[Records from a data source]
────────

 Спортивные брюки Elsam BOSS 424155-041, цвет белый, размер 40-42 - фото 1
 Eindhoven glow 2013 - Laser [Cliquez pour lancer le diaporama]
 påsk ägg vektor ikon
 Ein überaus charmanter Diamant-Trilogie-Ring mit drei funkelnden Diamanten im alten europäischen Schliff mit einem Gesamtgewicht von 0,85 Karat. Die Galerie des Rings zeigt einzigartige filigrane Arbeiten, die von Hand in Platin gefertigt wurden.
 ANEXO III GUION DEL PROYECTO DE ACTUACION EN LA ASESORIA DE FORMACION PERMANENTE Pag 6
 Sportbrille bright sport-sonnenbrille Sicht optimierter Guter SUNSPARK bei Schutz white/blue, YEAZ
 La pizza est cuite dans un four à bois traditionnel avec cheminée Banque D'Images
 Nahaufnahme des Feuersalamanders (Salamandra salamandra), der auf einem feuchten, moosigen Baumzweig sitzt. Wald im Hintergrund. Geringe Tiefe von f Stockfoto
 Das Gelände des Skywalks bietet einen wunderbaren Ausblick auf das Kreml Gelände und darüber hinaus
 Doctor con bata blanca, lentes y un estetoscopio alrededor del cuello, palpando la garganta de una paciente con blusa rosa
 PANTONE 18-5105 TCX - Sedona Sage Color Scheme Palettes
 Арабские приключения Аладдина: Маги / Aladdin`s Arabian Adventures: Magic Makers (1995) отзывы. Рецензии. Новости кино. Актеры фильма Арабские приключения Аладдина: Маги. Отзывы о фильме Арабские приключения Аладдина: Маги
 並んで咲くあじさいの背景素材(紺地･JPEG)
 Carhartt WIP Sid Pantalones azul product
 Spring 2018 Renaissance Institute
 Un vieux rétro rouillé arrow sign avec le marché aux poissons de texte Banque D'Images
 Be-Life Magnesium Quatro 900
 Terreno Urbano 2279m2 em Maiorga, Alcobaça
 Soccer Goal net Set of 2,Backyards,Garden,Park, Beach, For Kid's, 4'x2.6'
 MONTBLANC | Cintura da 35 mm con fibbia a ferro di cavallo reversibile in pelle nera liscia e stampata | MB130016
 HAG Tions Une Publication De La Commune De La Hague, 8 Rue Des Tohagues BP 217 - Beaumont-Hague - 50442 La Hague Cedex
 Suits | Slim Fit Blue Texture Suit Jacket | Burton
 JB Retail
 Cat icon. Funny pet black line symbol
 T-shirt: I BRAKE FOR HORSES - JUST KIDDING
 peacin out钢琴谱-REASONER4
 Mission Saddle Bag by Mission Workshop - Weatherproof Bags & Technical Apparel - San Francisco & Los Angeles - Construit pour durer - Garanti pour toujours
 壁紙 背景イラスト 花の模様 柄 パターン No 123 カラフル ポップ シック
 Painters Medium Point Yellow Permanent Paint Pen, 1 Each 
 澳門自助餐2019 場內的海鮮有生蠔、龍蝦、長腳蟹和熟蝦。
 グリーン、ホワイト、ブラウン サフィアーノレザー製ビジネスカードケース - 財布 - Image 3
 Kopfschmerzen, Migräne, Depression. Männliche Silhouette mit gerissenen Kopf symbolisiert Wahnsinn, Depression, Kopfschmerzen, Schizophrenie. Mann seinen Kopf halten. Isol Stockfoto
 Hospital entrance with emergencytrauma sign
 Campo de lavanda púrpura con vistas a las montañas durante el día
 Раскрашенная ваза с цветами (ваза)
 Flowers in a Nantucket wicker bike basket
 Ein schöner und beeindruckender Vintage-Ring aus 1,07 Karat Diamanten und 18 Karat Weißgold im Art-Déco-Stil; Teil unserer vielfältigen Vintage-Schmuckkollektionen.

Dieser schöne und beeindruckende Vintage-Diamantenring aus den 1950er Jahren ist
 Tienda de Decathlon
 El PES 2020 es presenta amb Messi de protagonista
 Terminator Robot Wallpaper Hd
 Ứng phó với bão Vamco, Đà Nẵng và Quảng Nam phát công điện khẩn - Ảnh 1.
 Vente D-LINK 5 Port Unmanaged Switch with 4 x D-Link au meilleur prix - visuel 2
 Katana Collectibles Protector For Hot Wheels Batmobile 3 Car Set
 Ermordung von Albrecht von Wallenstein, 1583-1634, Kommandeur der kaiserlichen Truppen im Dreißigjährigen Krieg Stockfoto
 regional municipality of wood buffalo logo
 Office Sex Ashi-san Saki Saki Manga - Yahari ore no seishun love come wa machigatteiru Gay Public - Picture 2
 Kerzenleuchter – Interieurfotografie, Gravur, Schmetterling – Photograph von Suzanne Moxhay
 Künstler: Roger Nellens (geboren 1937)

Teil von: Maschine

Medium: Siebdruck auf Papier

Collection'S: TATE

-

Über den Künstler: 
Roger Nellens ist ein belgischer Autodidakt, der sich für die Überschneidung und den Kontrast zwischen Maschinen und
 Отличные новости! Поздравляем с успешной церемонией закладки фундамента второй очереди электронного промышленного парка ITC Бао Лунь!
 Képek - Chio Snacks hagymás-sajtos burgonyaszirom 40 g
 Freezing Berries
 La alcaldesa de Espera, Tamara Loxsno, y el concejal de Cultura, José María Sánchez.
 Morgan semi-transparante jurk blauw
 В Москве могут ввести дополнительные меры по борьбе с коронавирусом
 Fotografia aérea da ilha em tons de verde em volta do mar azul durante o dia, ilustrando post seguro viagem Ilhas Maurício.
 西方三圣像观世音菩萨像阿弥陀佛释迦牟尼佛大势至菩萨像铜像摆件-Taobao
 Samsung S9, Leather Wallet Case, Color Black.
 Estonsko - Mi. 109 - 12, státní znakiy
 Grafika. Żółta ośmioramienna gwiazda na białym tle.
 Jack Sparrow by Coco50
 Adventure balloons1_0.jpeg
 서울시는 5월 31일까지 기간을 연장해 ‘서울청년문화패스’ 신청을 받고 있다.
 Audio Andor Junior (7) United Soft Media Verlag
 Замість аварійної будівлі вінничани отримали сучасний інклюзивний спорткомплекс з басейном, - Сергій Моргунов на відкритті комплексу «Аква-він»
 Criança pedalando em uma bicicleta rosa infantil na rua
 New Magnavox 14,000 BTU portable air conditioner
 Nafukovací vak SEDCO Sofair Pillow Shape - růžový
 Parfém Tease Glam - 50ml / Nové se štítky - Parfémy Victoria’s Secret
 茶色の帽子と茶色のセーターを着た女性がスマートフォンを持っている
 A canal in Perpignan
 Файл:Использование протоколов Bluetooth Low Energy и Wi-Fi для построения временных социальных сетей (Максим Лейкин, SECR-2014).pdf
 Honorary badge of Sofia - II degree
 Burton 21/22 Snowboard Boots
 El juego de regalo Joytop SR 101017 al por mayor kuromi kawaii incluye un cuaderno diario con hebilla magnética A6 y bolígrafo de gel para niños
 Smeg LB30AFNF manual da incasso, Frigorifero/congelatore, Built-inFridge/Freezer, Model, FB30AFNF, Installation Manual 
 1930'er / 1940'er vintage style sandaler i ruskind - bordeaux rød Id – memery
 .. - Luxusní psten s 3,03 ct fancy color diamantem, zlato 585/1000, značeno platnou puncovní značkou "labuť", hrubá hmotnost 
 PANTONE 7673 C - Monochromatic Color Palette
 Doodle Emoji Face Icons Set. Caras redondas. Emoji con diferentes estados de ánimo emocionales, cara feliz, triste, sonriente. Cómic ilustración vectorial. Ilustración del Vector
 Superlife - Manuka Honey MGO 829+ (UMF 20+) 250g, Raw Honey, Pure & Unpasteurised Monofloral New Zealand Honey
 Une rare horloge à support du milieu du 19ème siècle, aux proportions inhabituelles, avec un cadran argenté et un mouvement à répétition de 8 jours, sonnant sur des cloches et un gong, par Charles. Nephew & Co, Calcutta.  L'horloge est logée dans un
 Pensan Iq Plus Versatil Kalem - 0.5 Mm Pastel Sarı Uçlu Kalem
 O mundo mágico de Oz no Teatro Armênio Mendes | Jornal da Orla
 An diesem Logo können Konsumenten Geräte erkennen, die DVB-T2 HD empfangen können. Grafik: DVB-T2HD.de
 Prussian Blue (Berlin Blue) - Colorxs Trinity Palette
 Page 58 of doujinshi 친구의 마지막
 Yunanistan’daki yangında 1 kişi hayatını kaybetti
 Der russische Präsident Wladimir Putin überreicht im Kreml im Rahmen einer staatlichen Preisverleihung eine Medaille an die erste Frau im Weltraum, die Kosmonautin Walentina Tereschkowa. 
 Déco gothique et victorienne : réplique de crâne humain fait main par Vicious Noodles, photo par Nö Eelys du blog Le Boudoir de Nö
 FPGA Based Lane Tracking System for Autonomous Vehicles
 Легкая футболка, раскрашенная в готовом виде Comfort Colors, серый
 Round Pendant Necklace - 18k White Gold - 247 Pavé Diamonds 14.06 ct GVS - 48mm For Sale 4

────────

What is required: Repeat word for word every line from the start of the entries to the line holding "Spring 2018 Renaissance Institute", inclusive, and nothing else.

Response area:
 Спортивные брюки Elsam BOSS 424155-041, цвет белый, размер 40-42 - фото 1
 Eindhoven glow 2013 - Laser [Cliquez pour lancer le diaporama]
 påsk ägg vektor ikon
 Ein überaus charmanter Diamant-Trilogie-Ring mit drei funkelnden Diamanten im alten europäischen Schliff mit einem Gesamtgewicht von 0,85 Karat. Die Galerie des Rings zeigt einzigartige filigrane Arbeiten, die von Hand in Platin gefertigt wurden.
 ANEXO III GUION DEL PROYECTO DE ACTUACION EN LA ASESORIA DE FORMACION PERMANENTE Pag 6
 Sportbrille bright sport-sonnenbrille Sicht optimierter Guter SUNSPARK bei Schutz white/blue, YEAZ
 La pizza est cuite dans un four à bois traditionnel avec cheminée Banque D'Images
 Nahaufnahme des Feuersalamanders (Salamandra salamandra), der auf einem feuchten, moosigen Baumzweig sitzt. Wald im Hintergrund. Geringe Tiefe von f Stockfoto
 Das Gelände des Skywalks bietet einen wunderbaren Ausblick auf das Kreml Gelände und darüber hinaus
 Doctor con bata blanca, lentes y un estetoscopio alrededor del cuello, palpando la garganta de una paciente con blusa rosa
 PANTONE 18-5105 TCX - Sedona Sage Color Scheme Palettes
 Арабские приключения Аладдина: Маги / Aladdin`s Arabian Adventures: Magic Makers (1995) отзывы. Рецензии. Новости кино. Актеры фильма Арабские приключения Аладдина: Маги. Отзывы о фильме Арабские приключения Аладдина: Маги
 並んで咲くあじさいの背景素材(紺地･JPEG)
 Carhartt WIP Sid Pantalones azul product
 Spring 2018 Renaissance Institute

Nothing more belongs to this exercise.